マンションの大家なのですが、媒介(仲介)業者が契約時に「原状回復をめぐるトラブルとガイドライン」の写しを借主に交付しています。自分はガイドラインの考え方の一部に納得できないところがあるので、それをやめてほしいのですが、そうすると仲介をしないといわれました。どうすればよいのでしょうか。

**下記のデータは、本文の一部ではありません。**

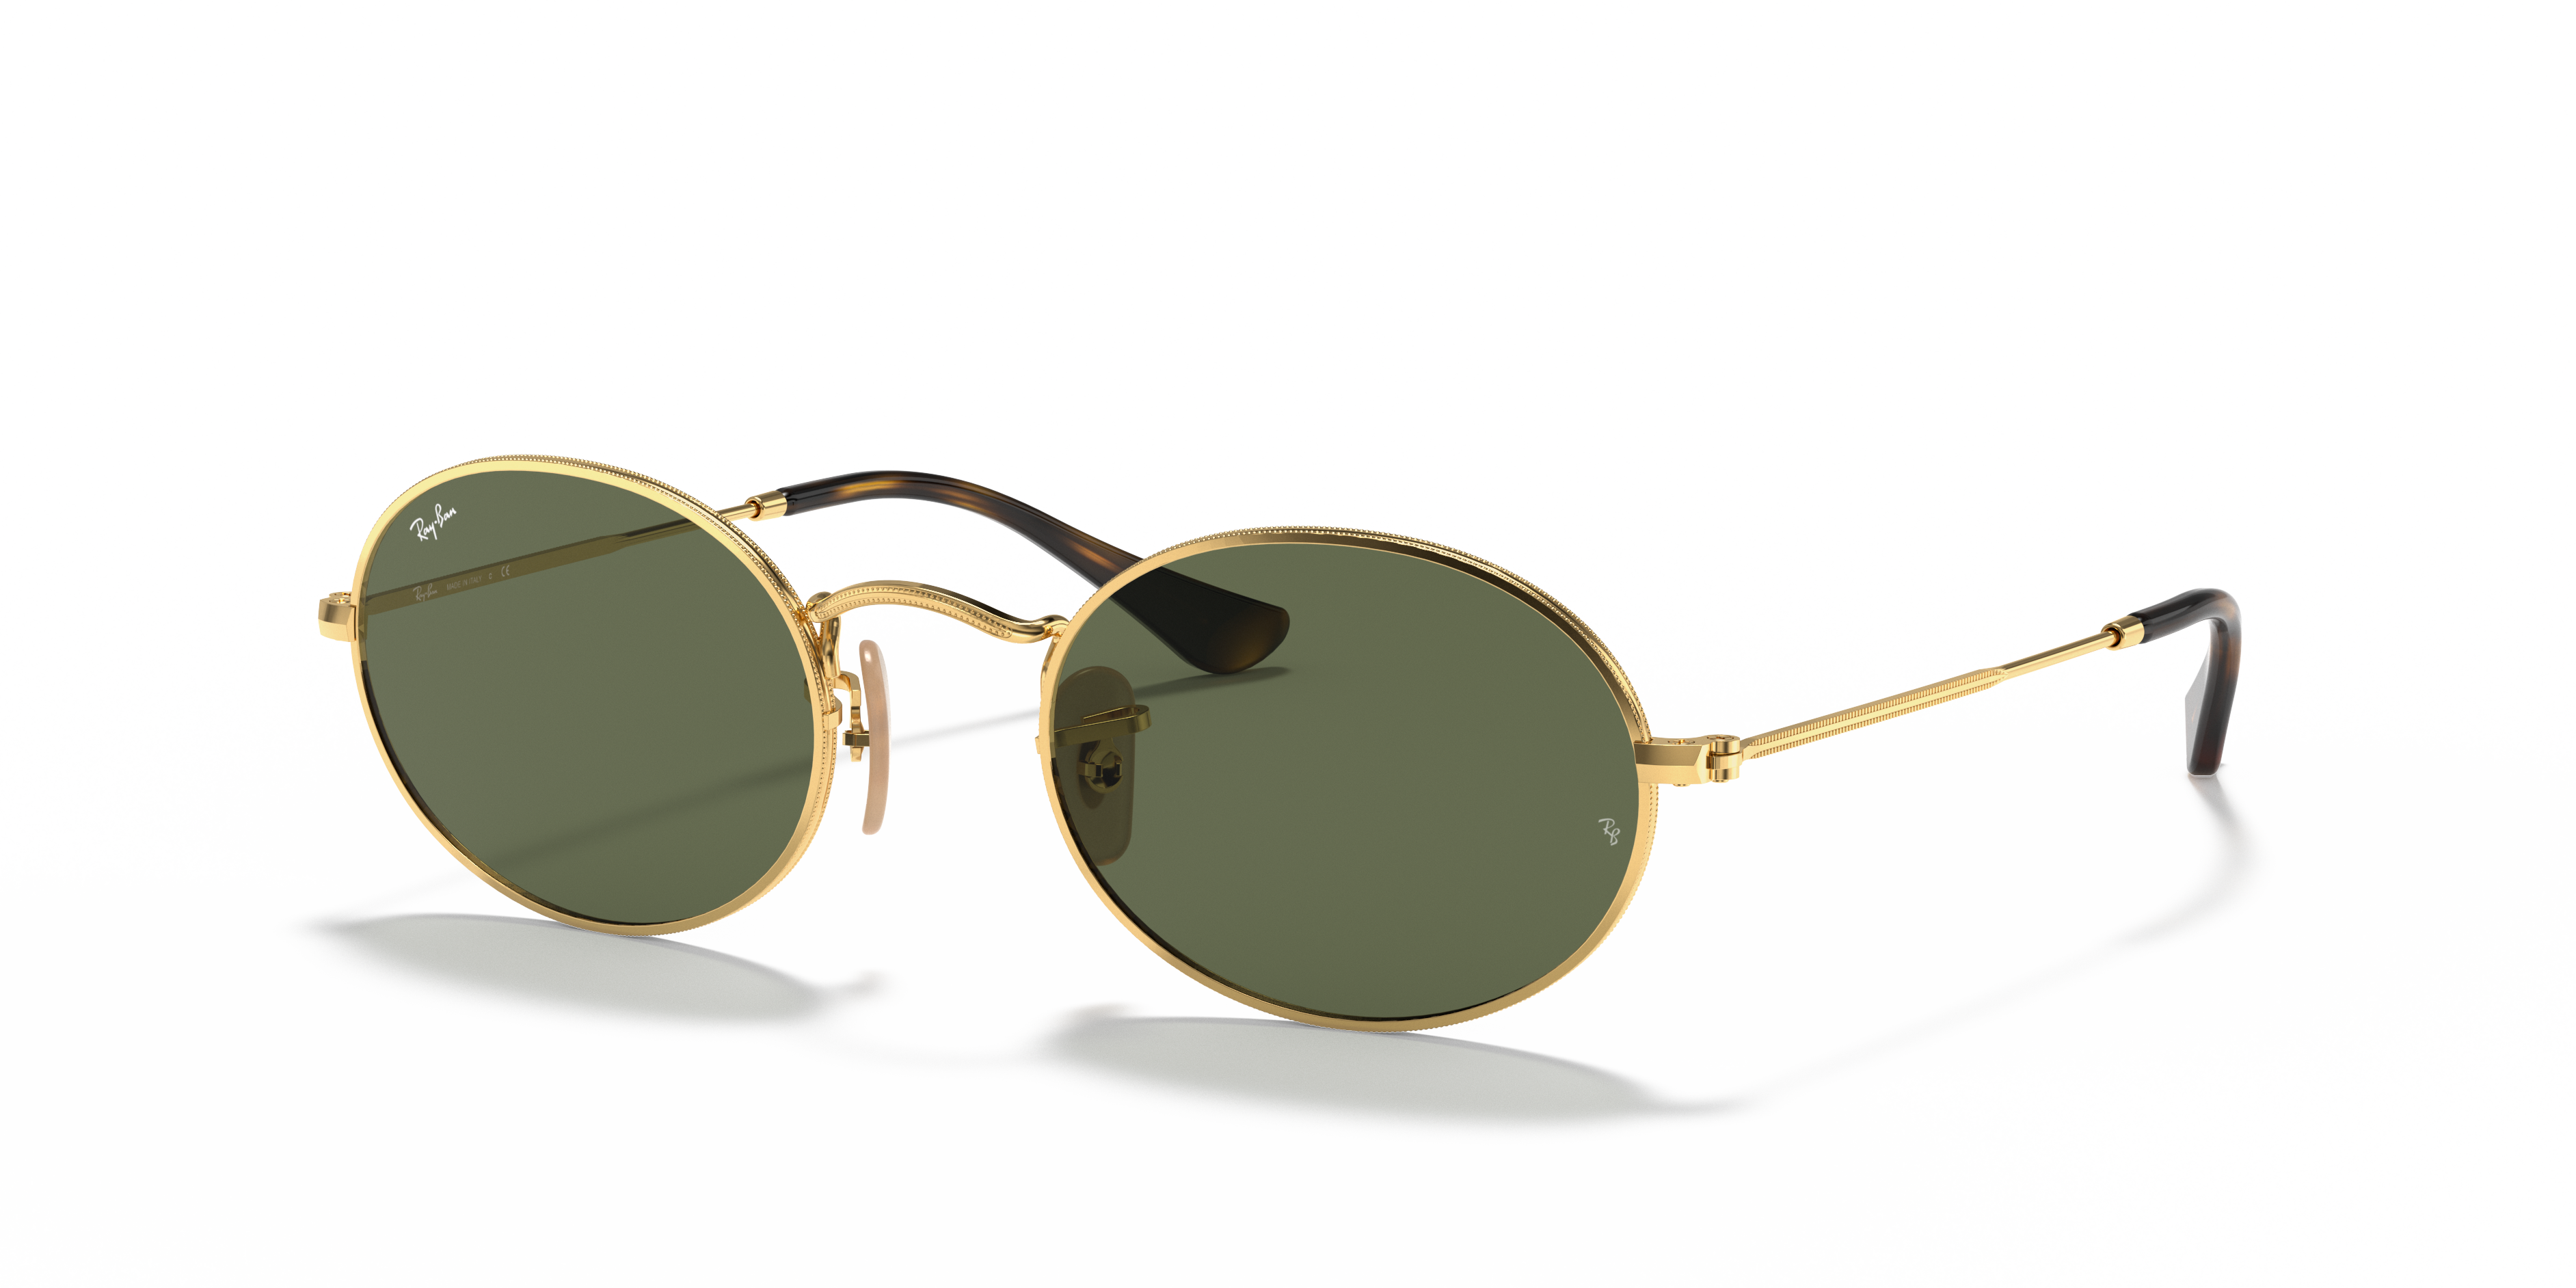 Accessoires Zonnebrillen Ovale zonnebrillen Ray Ban Ovale zonnebril volledige print casual uitstraling

原状回復について、借主に特別な負担を課すような特約を設ける場合には、その旨を明確に契約書面に定めたうえで、借主の十分な認識と了解をもって契約することが必要です。その不備でトラブルとなることが多いことから、媒介業者はトラブル予防のためにガイドラインの写しを交付しているのだと思われます。相談者は東京都以外でマンションを貸しておられるようですが、もし東京都内の物件だった場合、媒介業者には条例による説明の責務があります。